**MATERIAL SUPPLIED**
--------------------

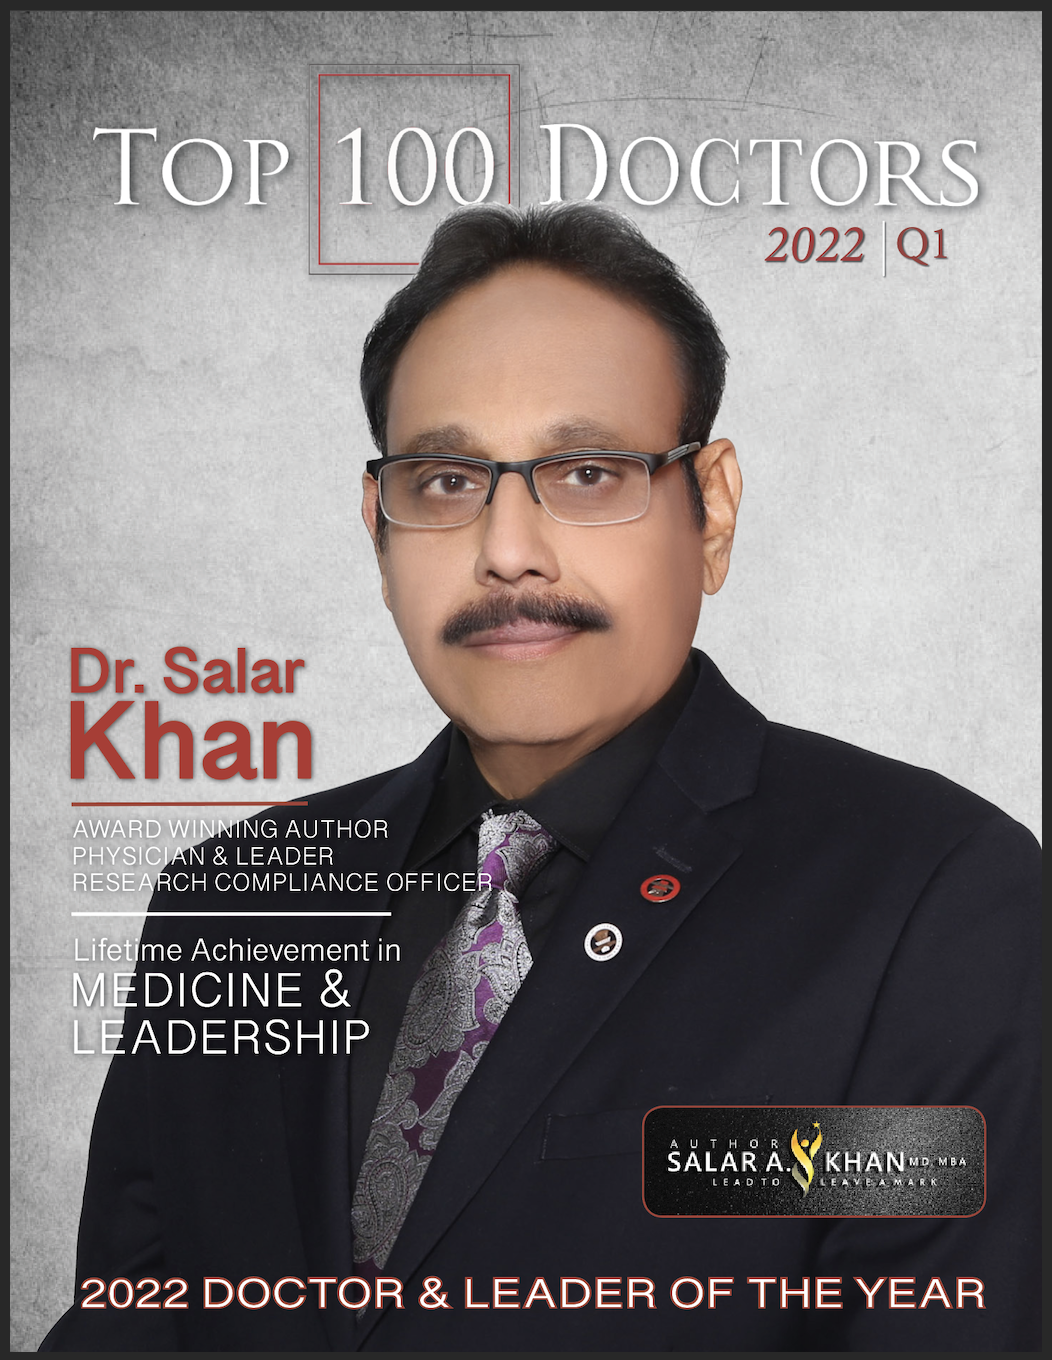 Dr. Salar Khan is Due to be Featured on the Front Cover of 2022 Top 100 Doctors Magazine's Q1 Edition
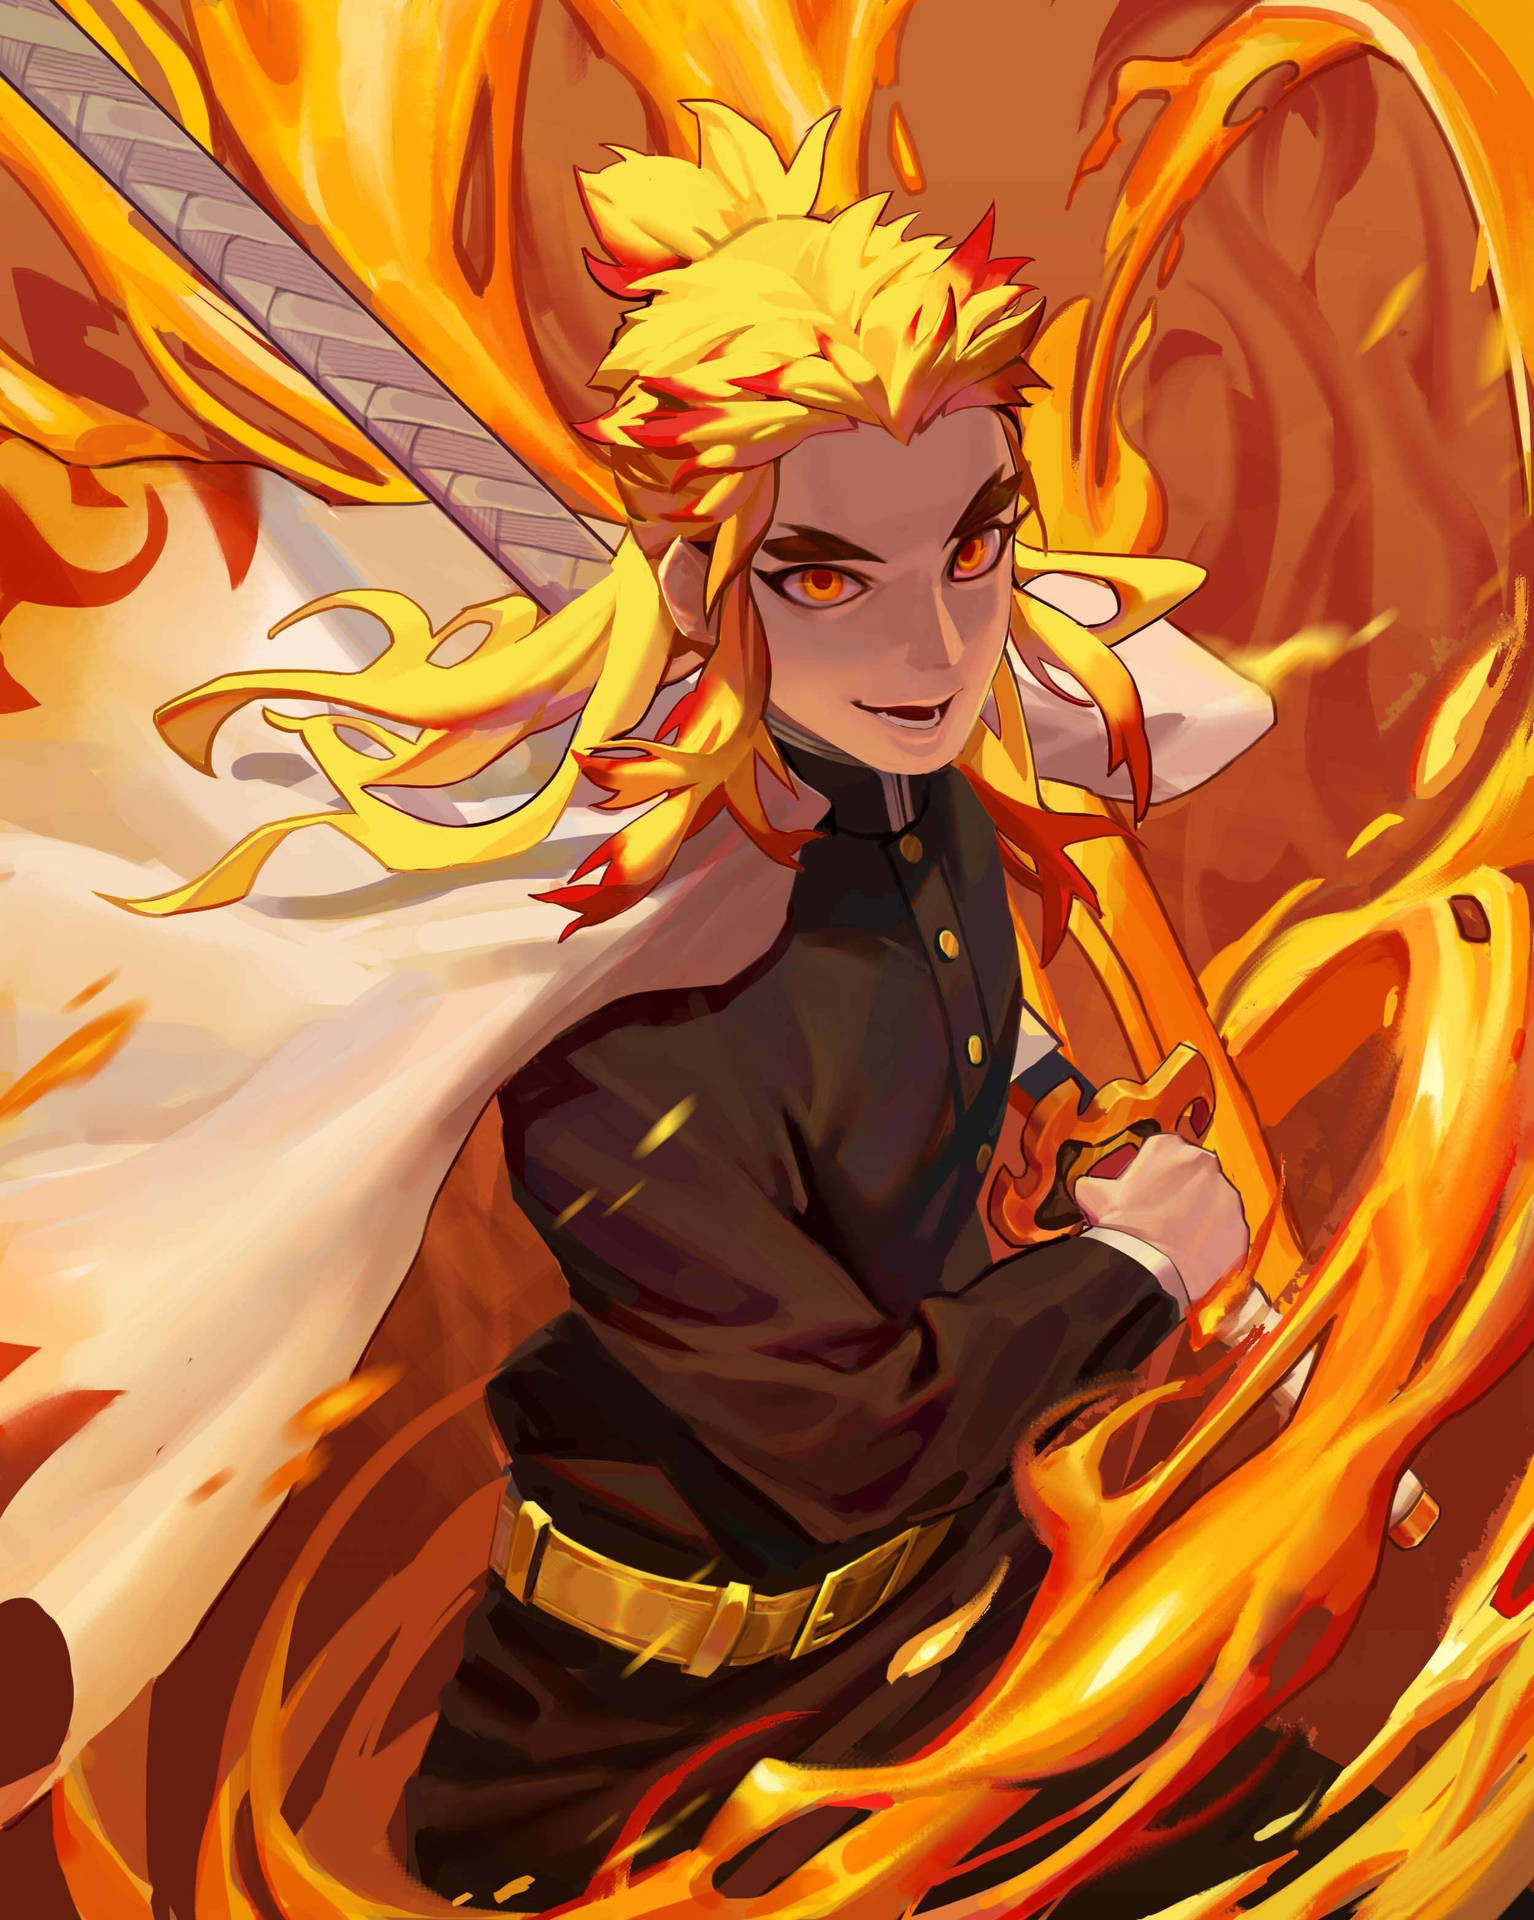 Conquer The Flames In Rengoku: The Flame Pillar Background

--------------------

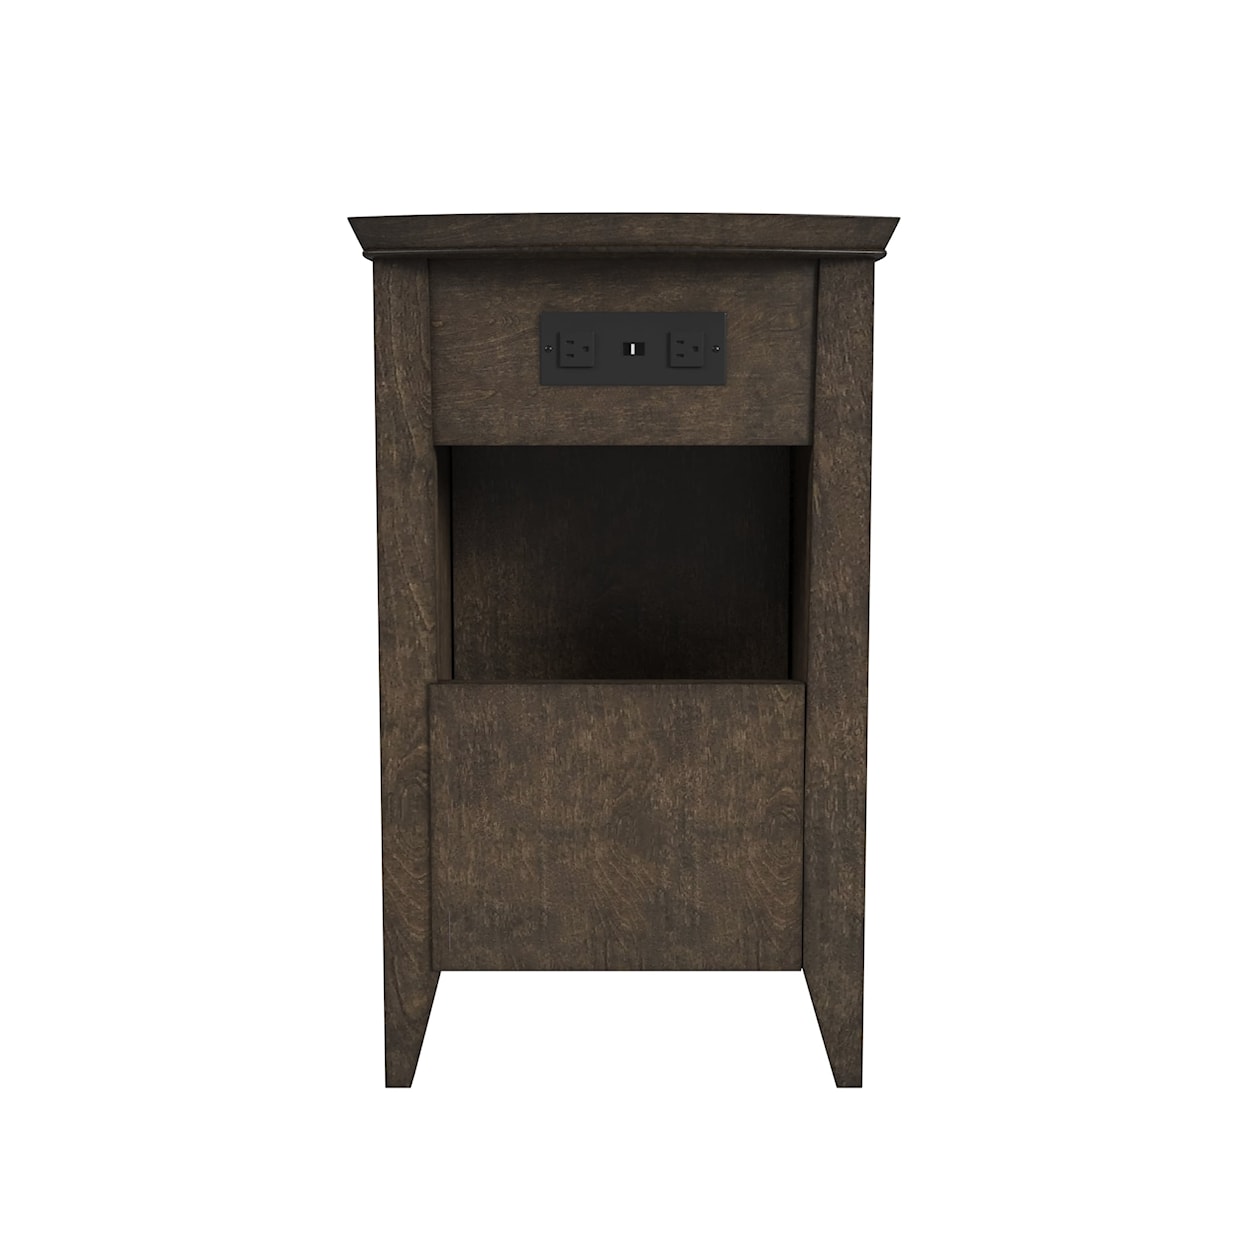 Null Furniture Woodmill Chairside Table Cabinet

--------------------

**EXERCISE DETAILS**
Reproduce the lines above starting at the one with "Dr. Salar Khan" and ending at the one with "Conquer The Flames", both included, exactly and with no pictures.

**EXERCISE SOLUTION**
 Dr. Salar Khan is Due to be Featured on the Front Cover of 2022 Top 100 Doctors Magazine's Q1 Edition
 Conquer The Flames In Rengoku: The Flame Pillar Background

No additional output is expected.